Centrais sindicais repudiam megarrodízio em SP e defendem lockdown

O megarrodízio anunciado pela Prefeitura de São Paulo, a ser implementado a partir desta segunda-feira, 11 de maio, para combater a pandemia do coronavírus, pode ter efeito contrário ao pretendido e aumentar ainda mais o contágio. A restrição ao uso de veículos irá sobrecarregar o transporte público, especialmente metrô, ônibus e trens, prejudicando motoristas e cobradores, além dos trabalhadores em serviços essenciais que precisam se deslocar ao trabalho.

Diante do exposto, as Centrais Sindicais repudiam o megarrodízio de veículos anunciado pela Prefeitura de São Paulo, defendem o lockdown (bloqueio total, que é restrição de circular em áreas públicas sem motivos emergenciais) no município e solicita que o prefeito Bruno Covas receba os representantes do fórum das centrais.

Defendemos que o planejamento do tráfego nas cidades ou de qualquer outra medida que envolva saúde dos trabalhadores e da população deva ser feito com a participação dos representantes da classe trabalhadora, do setor patronal e de especialistas, para definir estratégias adequadas à situação.

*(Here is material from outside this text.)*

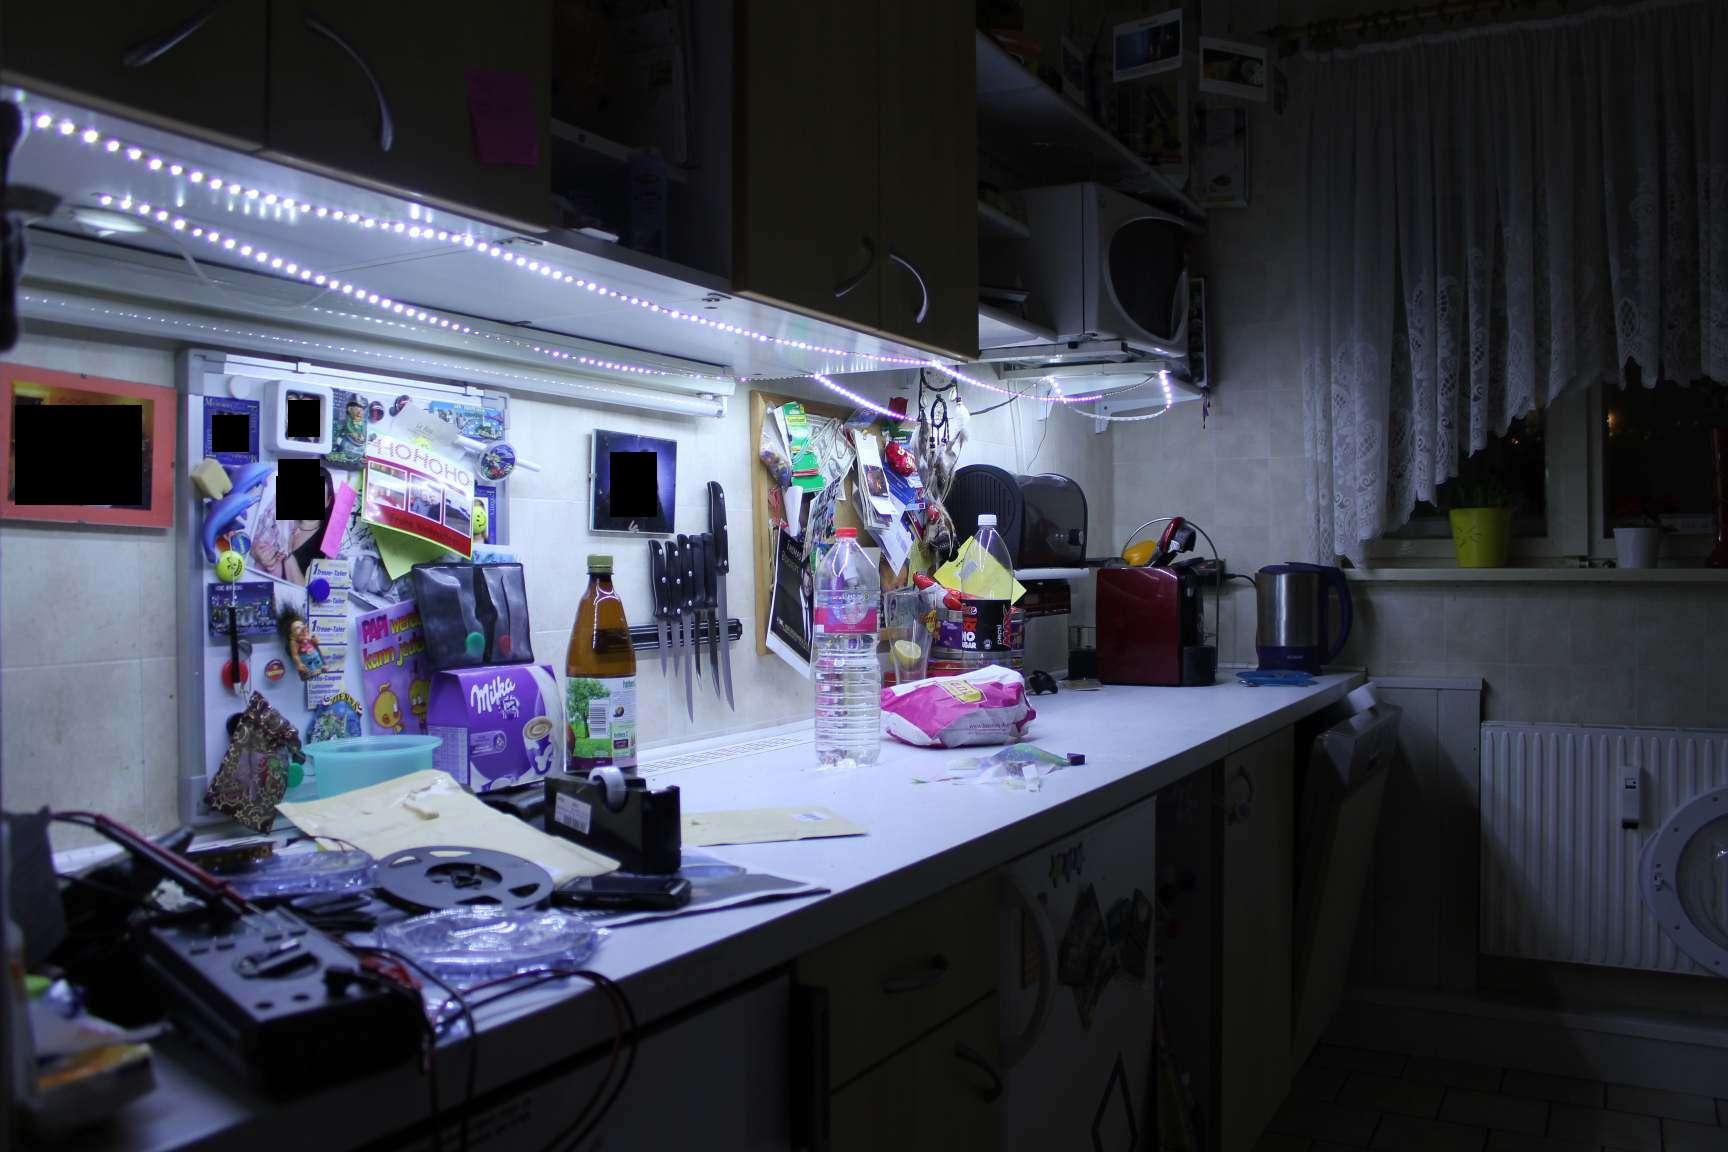 Full Size of Beleuchtung Küche Kche Led Doppelblock Pentryküche Tapeten Für Die Bodenfliesen Kreidetafel Kleiner Tisch Gardinen Pino Weisse Landhausküche Abfalleimer Wohnzimmer Beleuchtung Küche

O megarrodízio é tão drástico, que não foi implementado em nenhuma cidade do mundo, nesse período de pandemia do COVID-19. Até porque visa diminuir o congestionamento e não evitar o aumento do contágio. Fosse esse o objetivo, o carro seria muito mais seguro do que o transporte público nessa crise em que o isolamento social é fundamental.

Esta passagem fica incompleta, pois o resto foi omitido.